Figure an example of multi step pipeline

Assume there are two separate register sets : FP and Integer. This simplifies the pipeline control as it reduces hazard detection such as overlapping FP and Integer operations, except for load/store FP and movement between FP/Integer registers. Integer unit handles load/store to both register sets. Assume EX stage is repeated many times to do these operations. No other instruction using functional unit may issue until the previous instruction leaves EX. If an instruction cannot proceed to the EX stage, the entire pipeline behind that instruction will be stalled (to avoid this stall, we need the capability to do out-of-order issue, the topic of next section). The following steps are required to issue a new floating-point instruction :

Check for structural hazard
Check for data hazard
Check for forwarding

Because all FP instructions require different execution time, this caused three complications :

contention for register access at WB stage,
WAR and WAW hazards and
interrupts. (we ignore interrupt).

FP load and FP operation can content for FP register on writes. This can be dealt with using priority scheme at the WB stage. The highest priority instruction can get access to register and all other instructions are stalled. A simple heuristic is to give the longest latency instruction the highest priority. If all instructions read their registers at the same time there will be no WAR hazards. WAW hazards occur because the results can be written in different order. The instructions can be completed inn a different order from the order in which they are issued. For example

DIVF F0 F2 F4
SUBF F0 F8 F10

Assume DIVF takes longer than SUBF to complete. The SUBF will complete first and writes its result before the DIVF. This hazard must be detected and ensure that the result is of executing instructions is correct.
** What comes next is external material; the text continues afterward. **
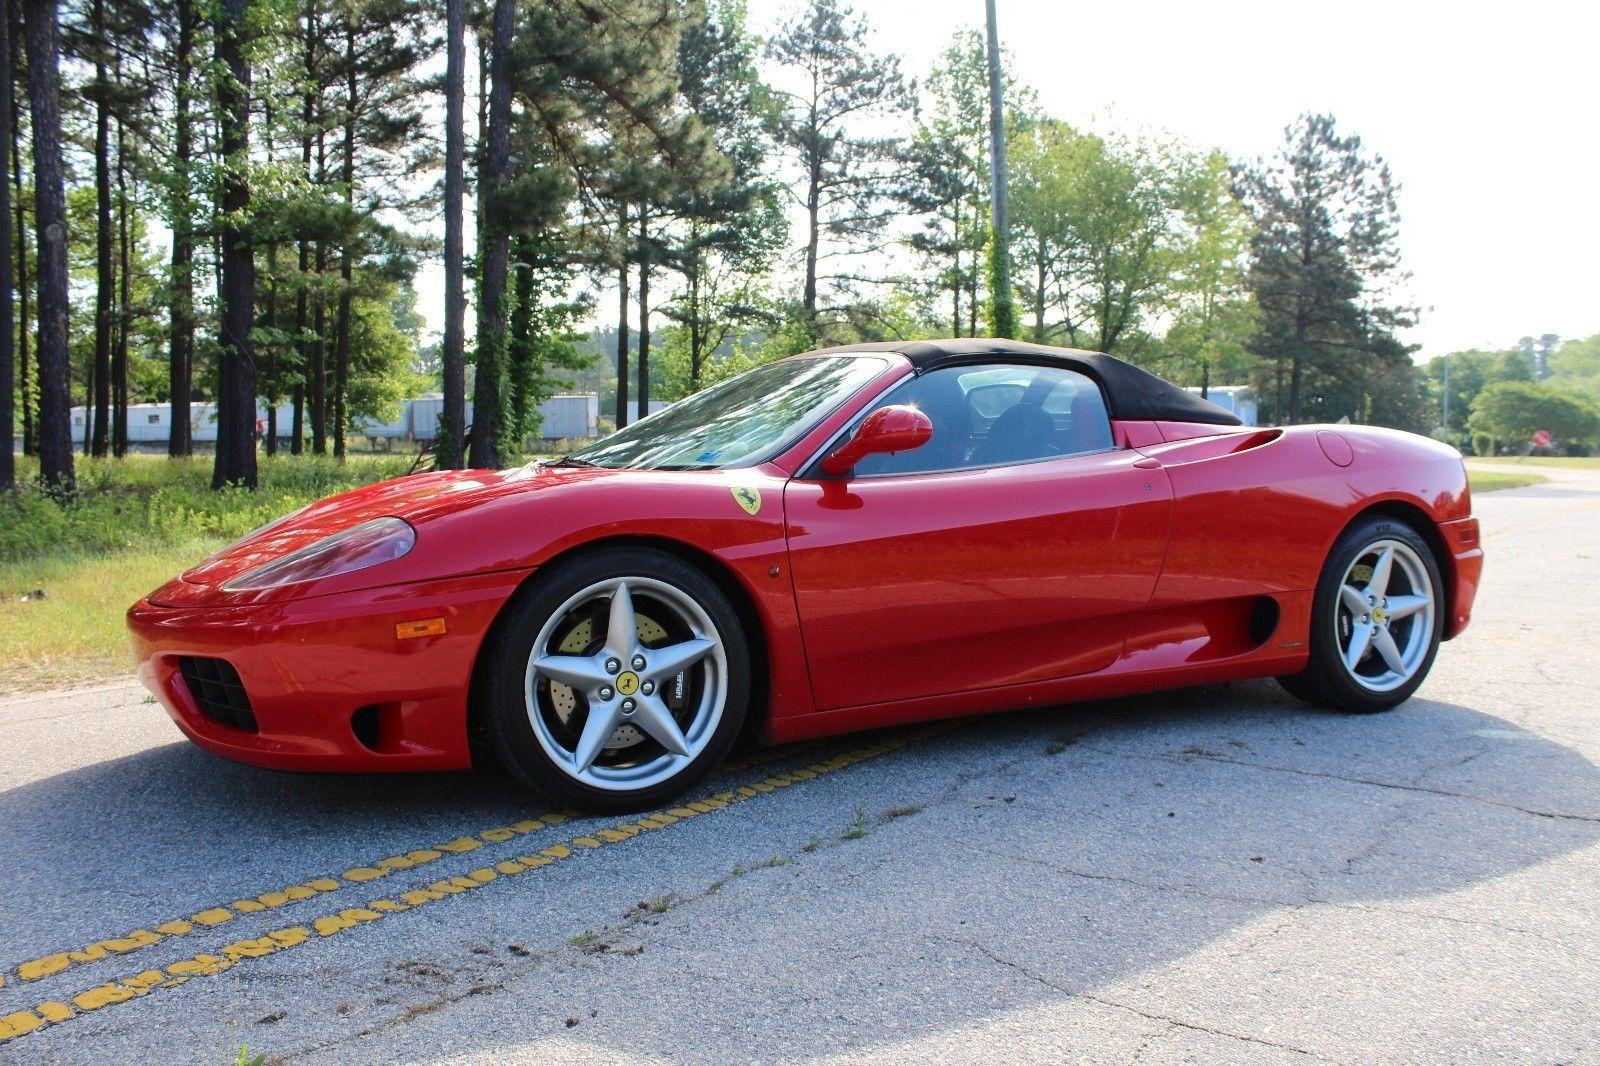 Awesome Amazing 2001 Ferrari 360 Modena Spyder 2001 Ferrari 360
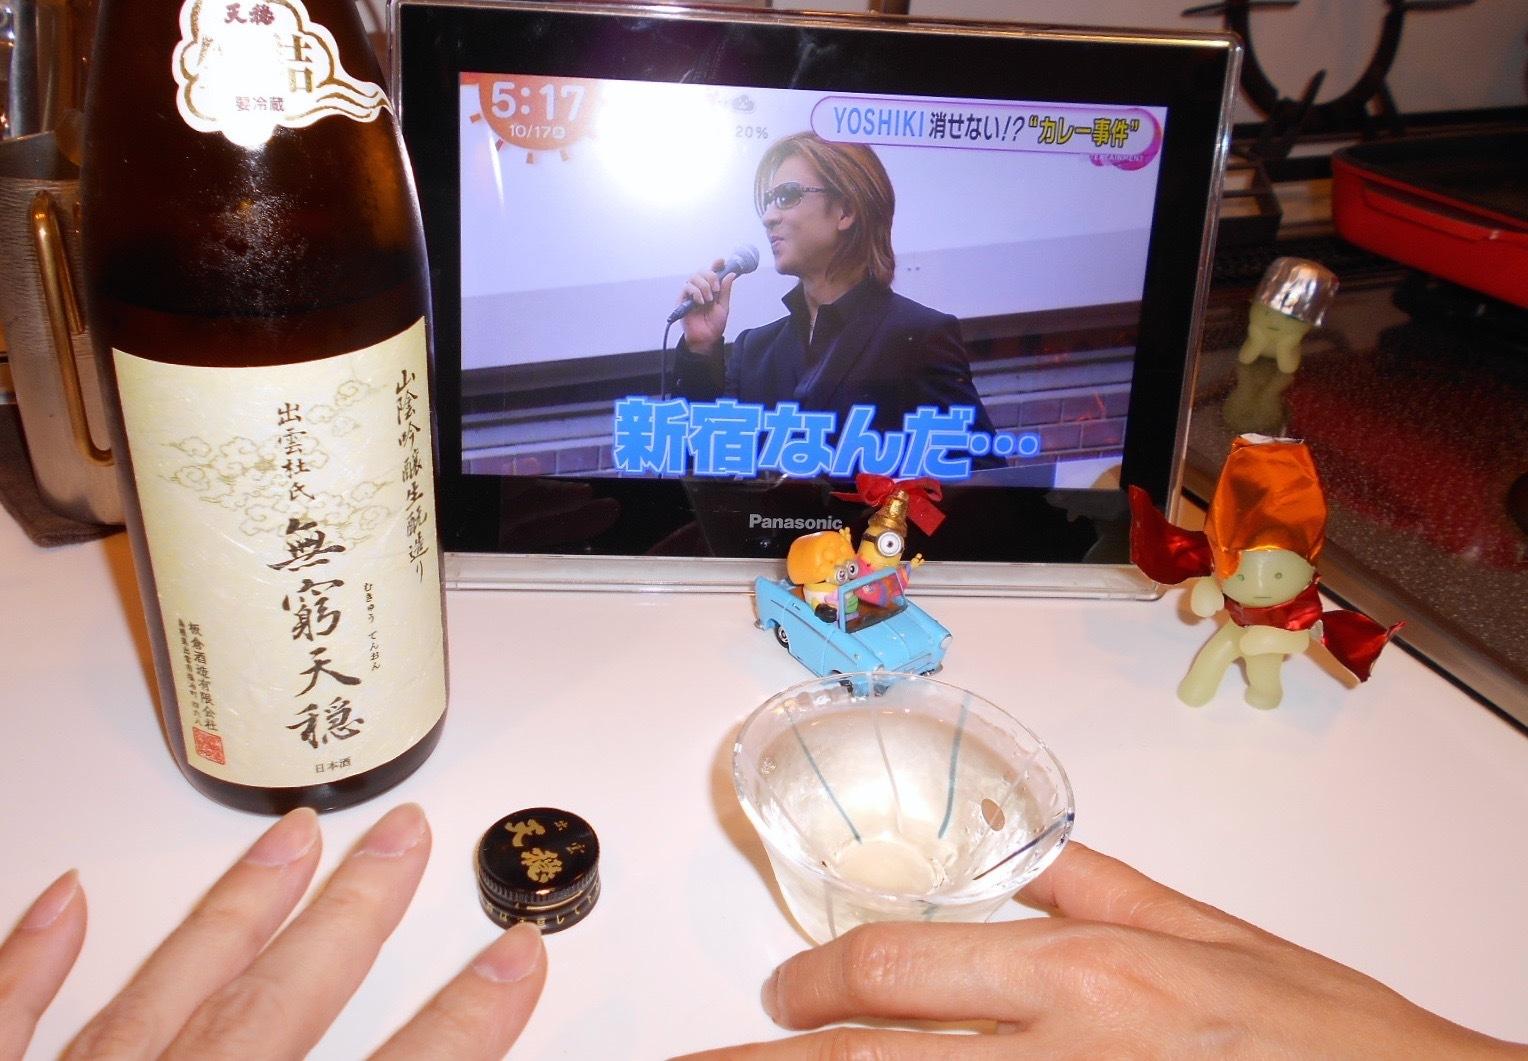 mukyutenon_hiyaoroshi30by6.jpg

Dynamic scheduling in pipeline

The pipeline fetches and issues an instruction unless there is a data dependence between an instruction already in the pipeline and the fetched instruction. When data hazard occurs the pipeline is stalled. When the software (mostly the compiler) is responsible for scheduling instructions to minimise these stalls, it is called static scheduling. This section will introduce the hardware scheme to reduce the stalls, this is called dynamic scheduling as it can detect the dependencies that are unknown at the compile time.

All the previous pipeline technique that we described use in-order instruction issue. If an instruction is stalled in the pipeline, no later instructions can proceed. When there are multiple functional units, these units could be idle. For example,

DIVF F0 F2 F4
ADDF F10 F0 F8
SUBF F8 F8 F14

The SUBF cannot be issue because the dependence of ADDF on DIVF (RAW on F0). Yet, the SUBF does not depend on any instruction in the pipeline. If an instruction can be executed out-of-order this stall can be eliminated.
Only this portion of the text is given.